┏━━

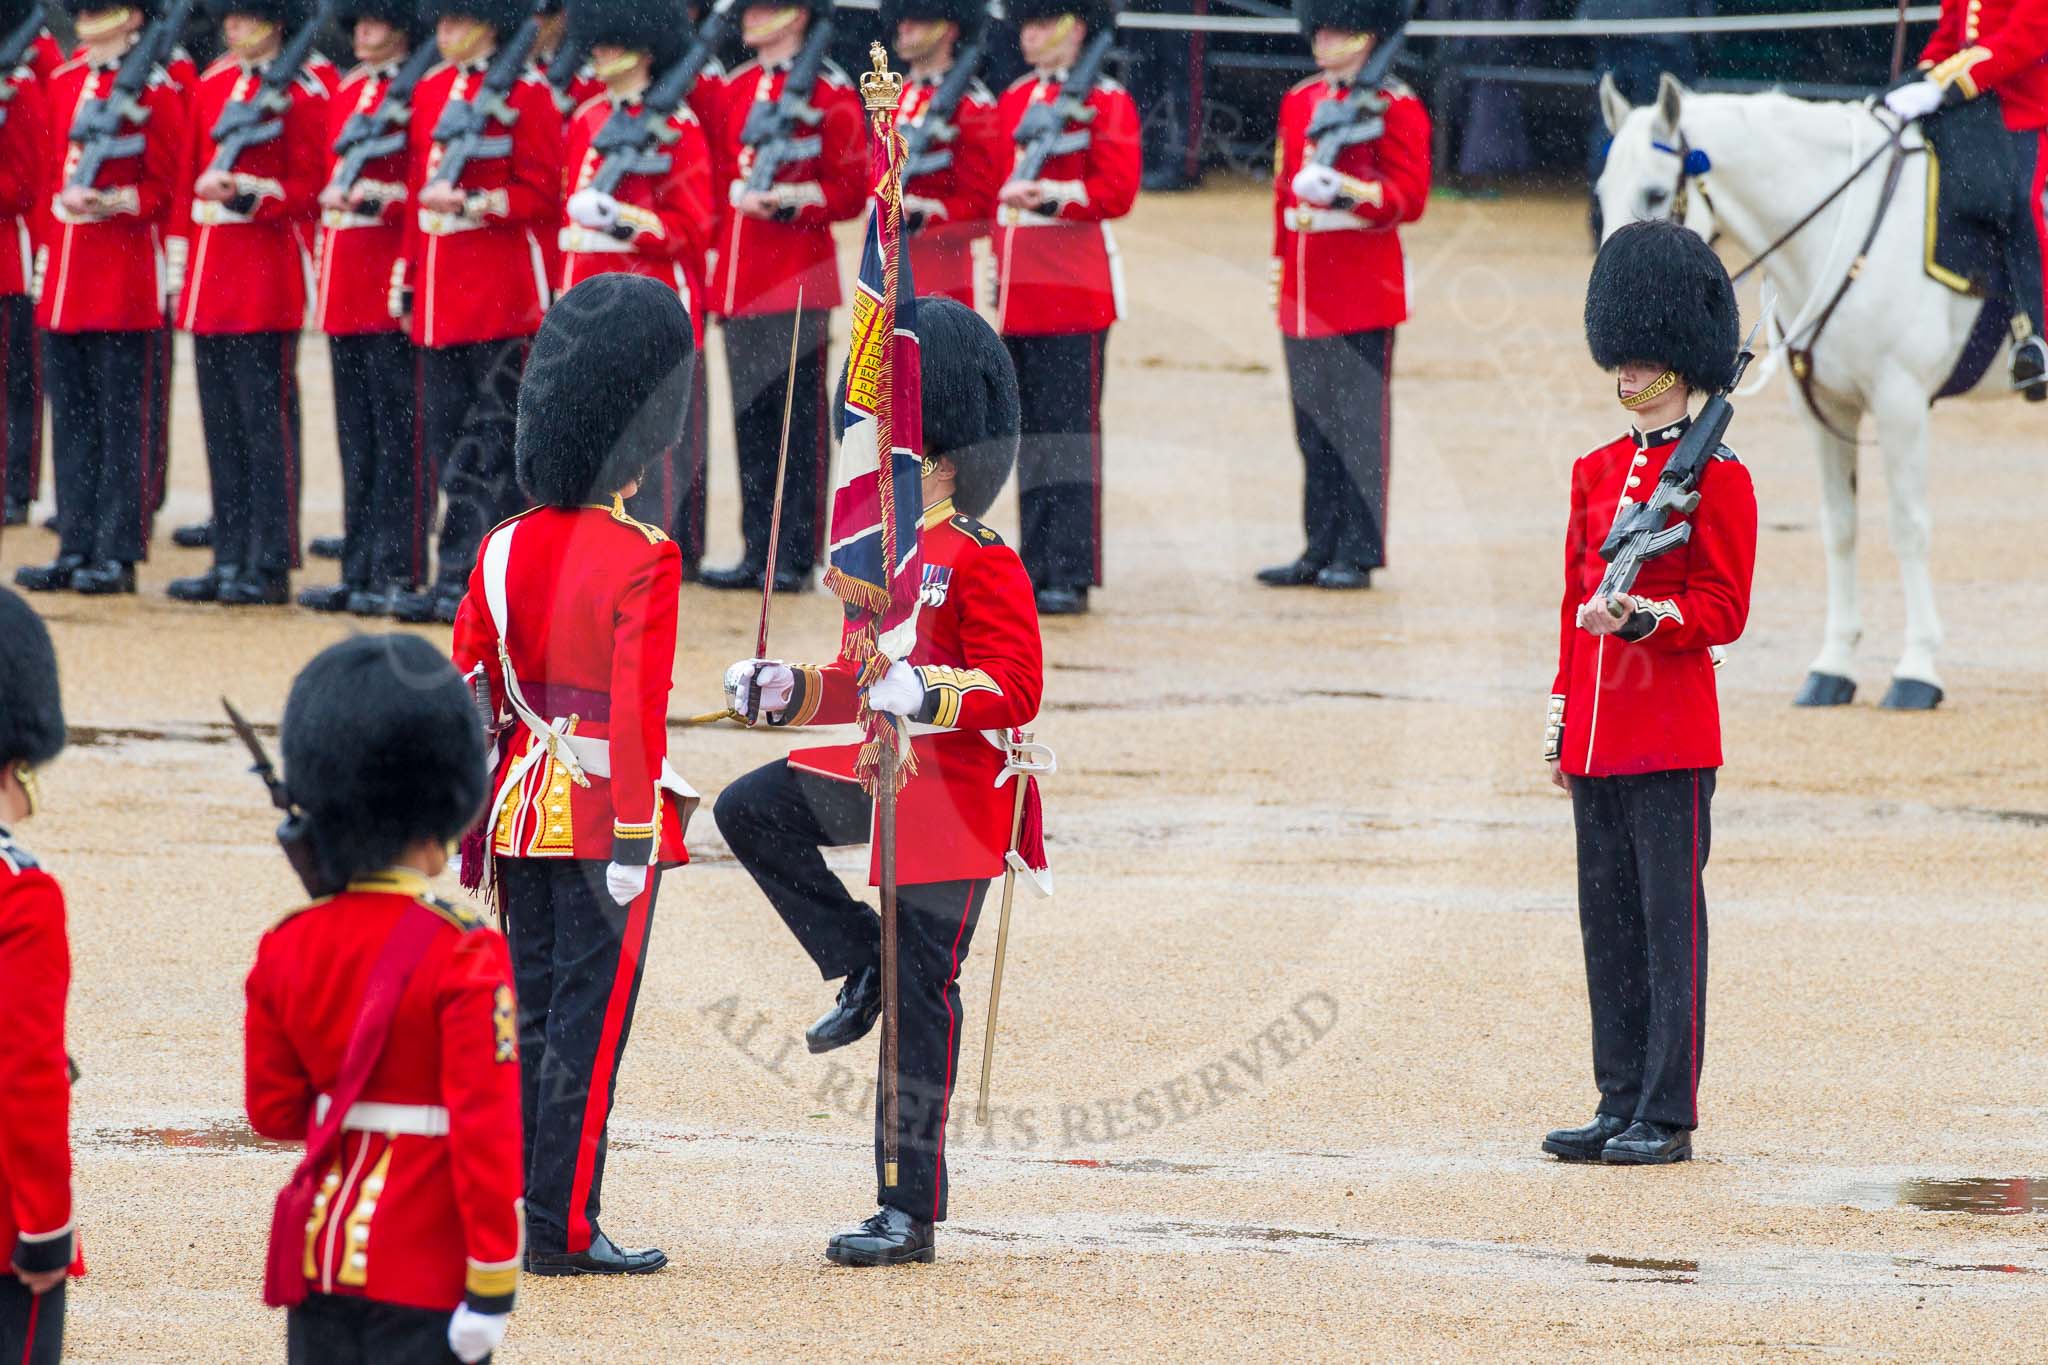 The Colonel's Review 2014.
Horse Guards Parade, Westminster,
London,

United Kingdom,
on 07 June 2014 at 11:19, image #395

┗━━

All records above are to be repeated exactly, with the images left out.

 The Colonel's Review 2014.
Horse Guards Parade, Westminster,
London,

United Kingdom,
on 07 June 2014 at 11:19, image #395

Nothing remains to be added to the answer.